Professor Christina Mitchell trained as a physician scientist specialising in clinical haematology. She received a degree in Medicine from Melbourne University and consultant training in Haematology at the Alfred Hospital, Melbourne. She graduated with a Fellowship from the Royal Australian College of Physicians and also a Fellowship in Pathology. She obtained a PhD from Monash University and her post-doctoral studies were undertaken in the field of intracellular signalling at Washington University Medical School, St Louis, USA. In 1991 she returned to Australia and became an independent investigator at the Department of Medicine, Box Hill Hospital.

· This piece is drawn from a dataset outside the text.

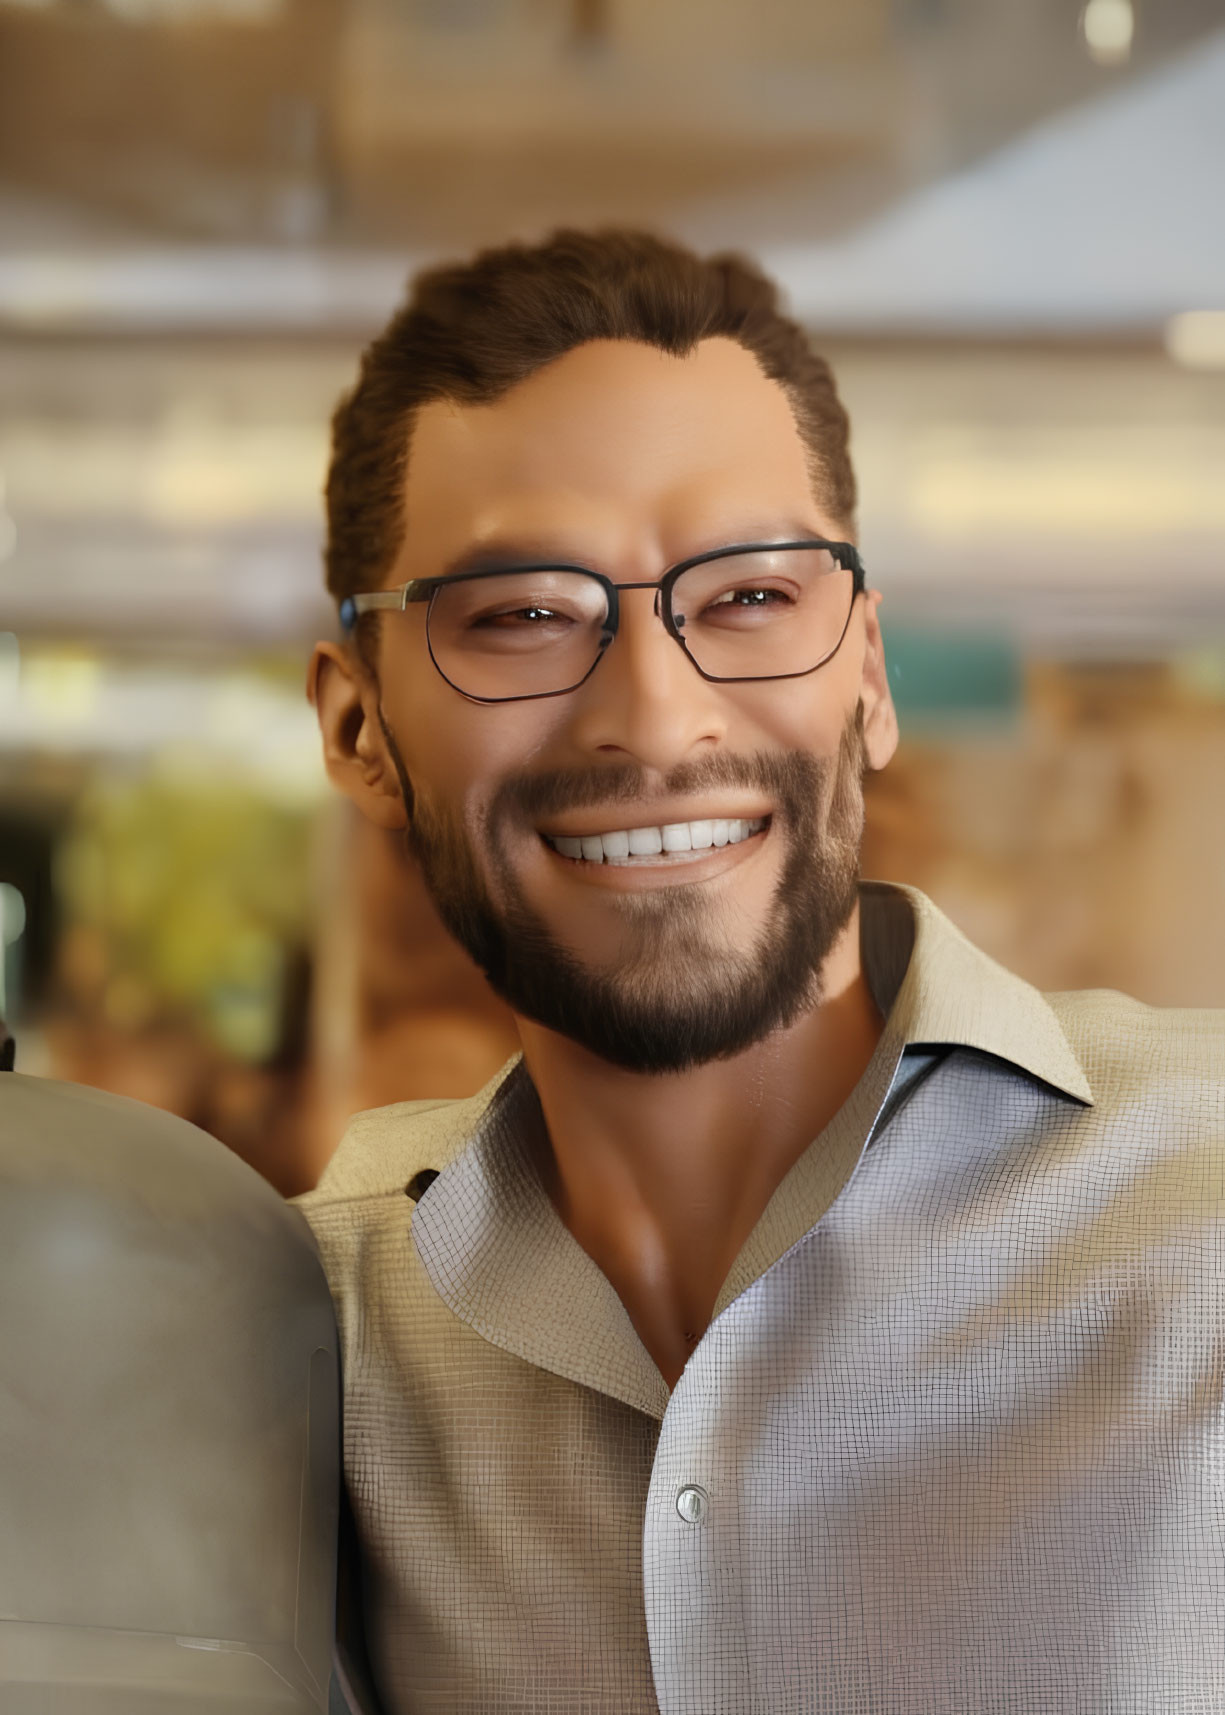 Smiling bearded man with glasses in stylized portrait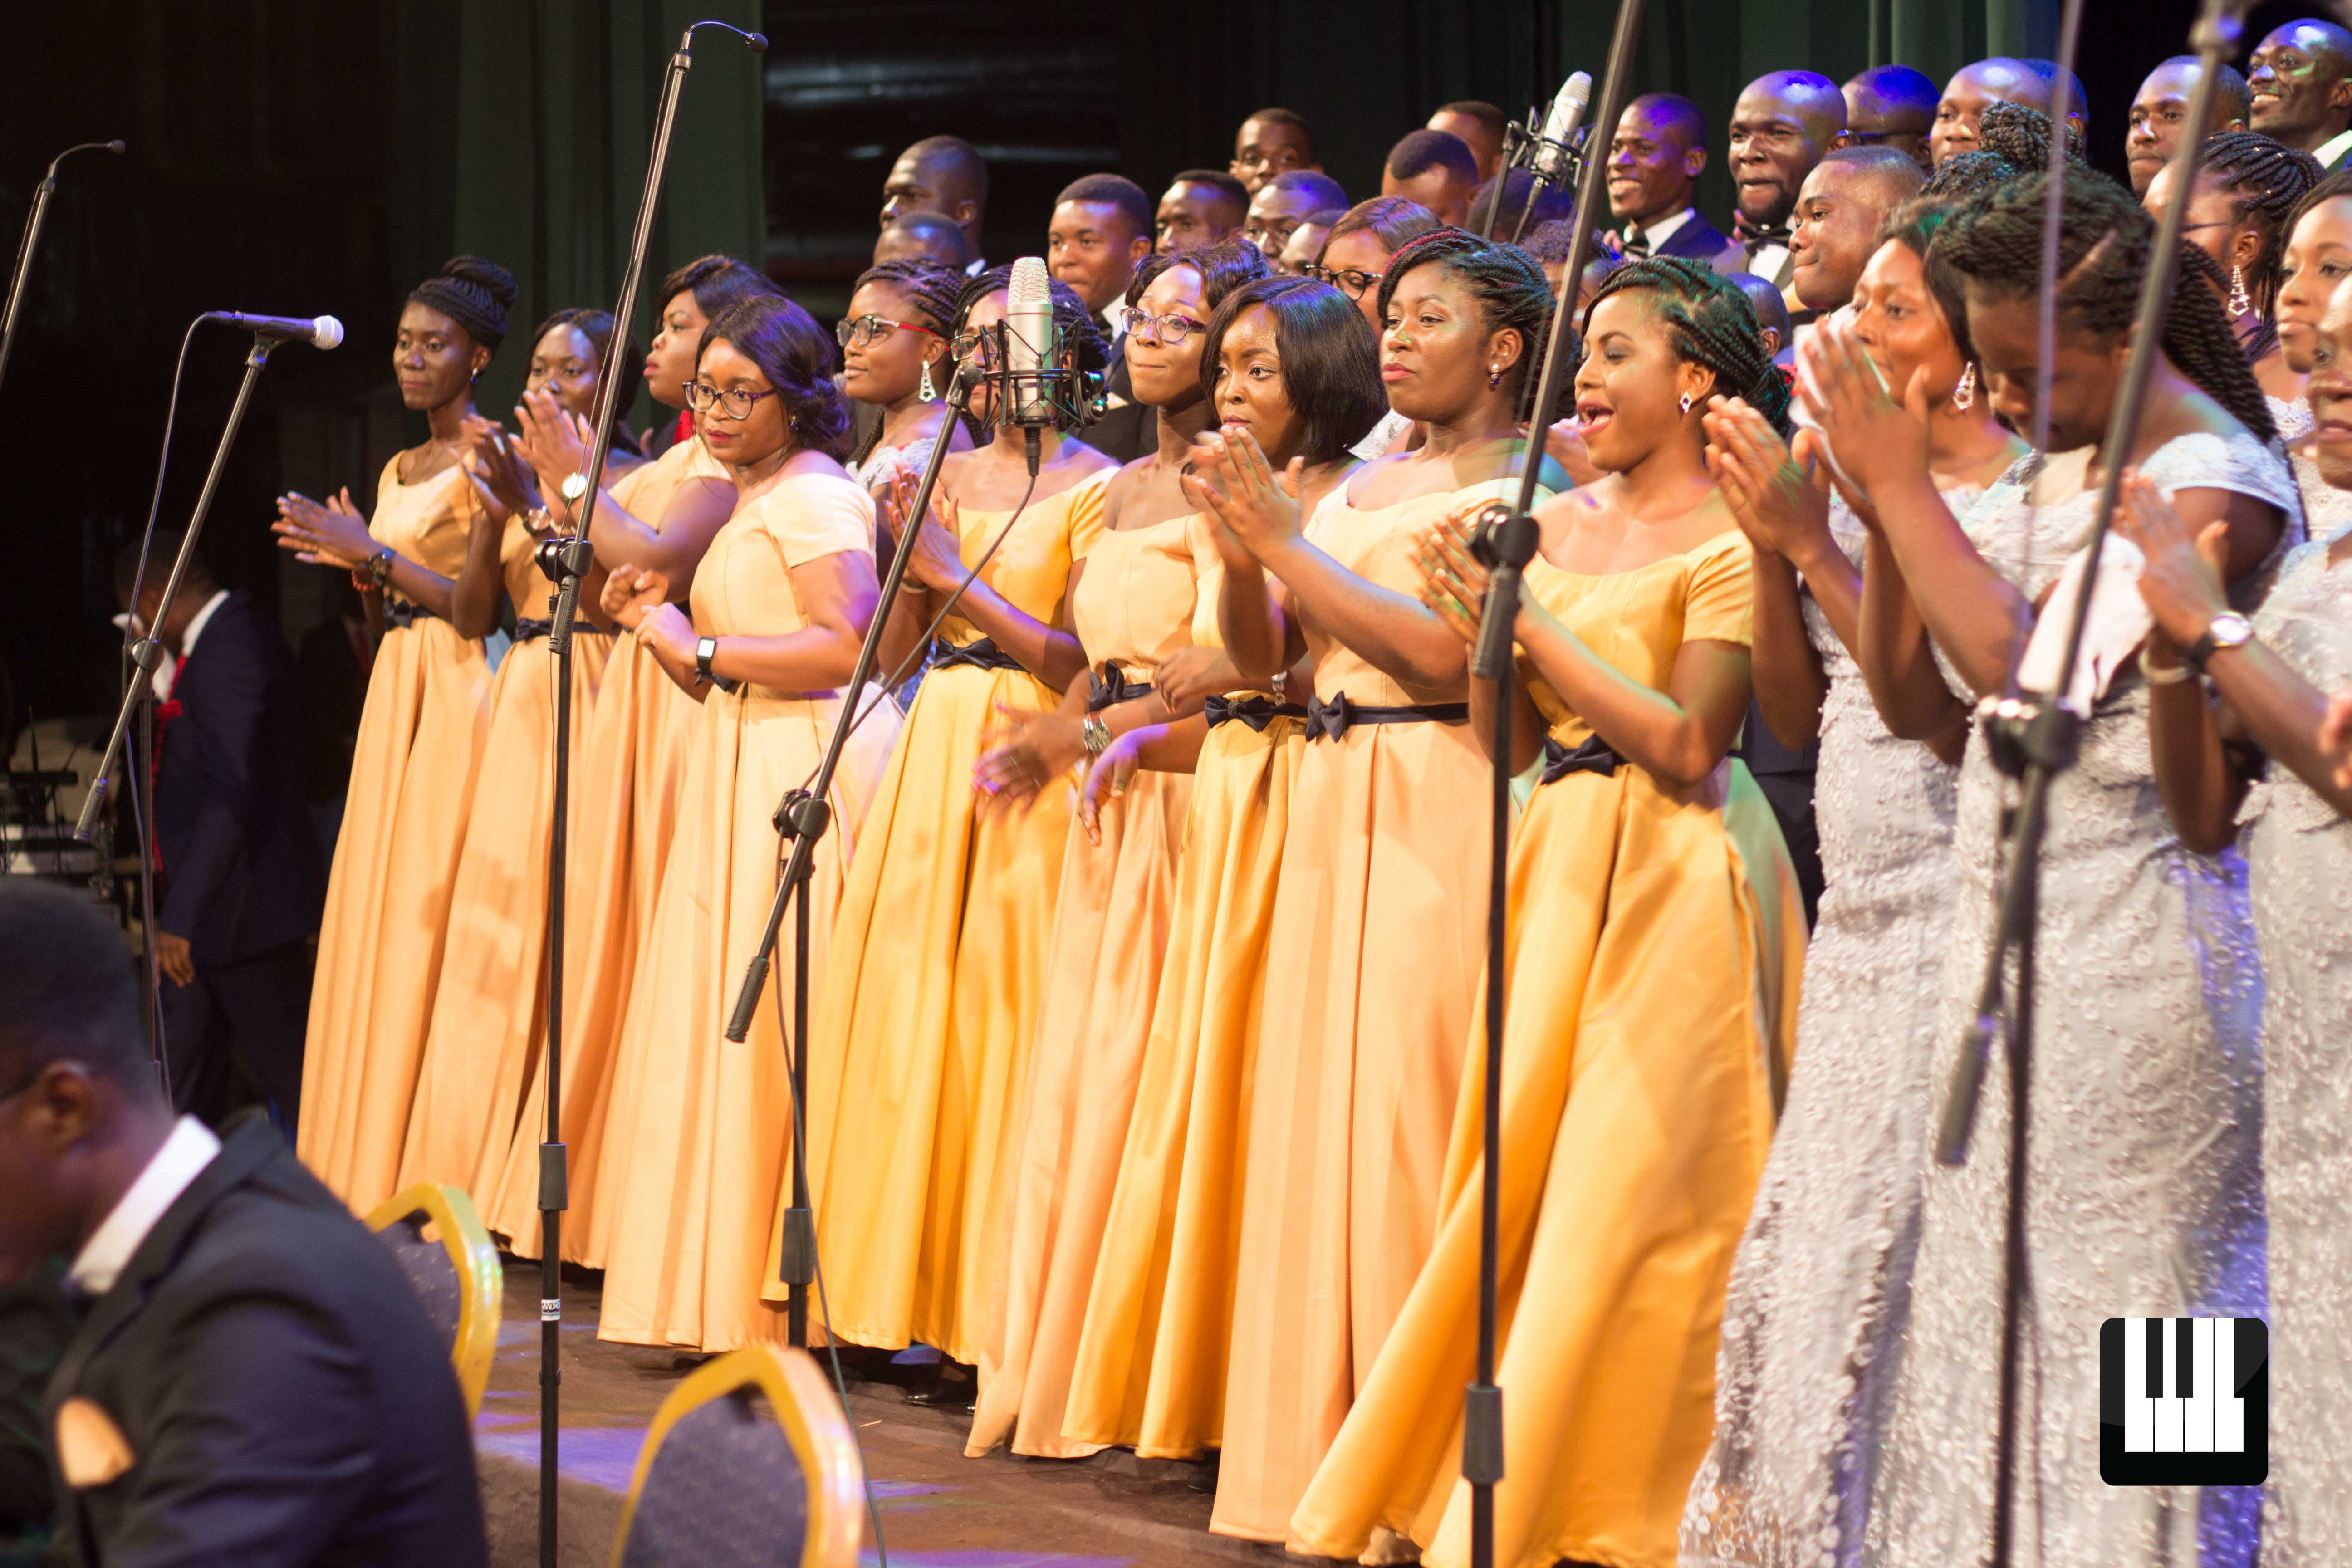 2018 Year in Review 2018 was a year of major milestones in Ghanaian choral and classical music. Jesse Johnson rounds up the best moments of the last twelve months.

In 1999 she was appointed Professor and Head of the Department of Biochemistry and Molecular Biology, Monash University, while also conducting research on the newly emerging family of enzymes, inositol polyphosphate 5-phosphatases, negative regulators of PI3-kinase signalling. In 2006 Prof. Mitchell became Head of the School of Biomedical Sciences at Monash University, which is the largest School within the Faculty of Medicine. In 2011 she became the Dean of Medicine at Monash University. She currently holds a position of Academic Vice-President and Dean, Faculty of Medicine, Nursing and Health Sciences at Monash University.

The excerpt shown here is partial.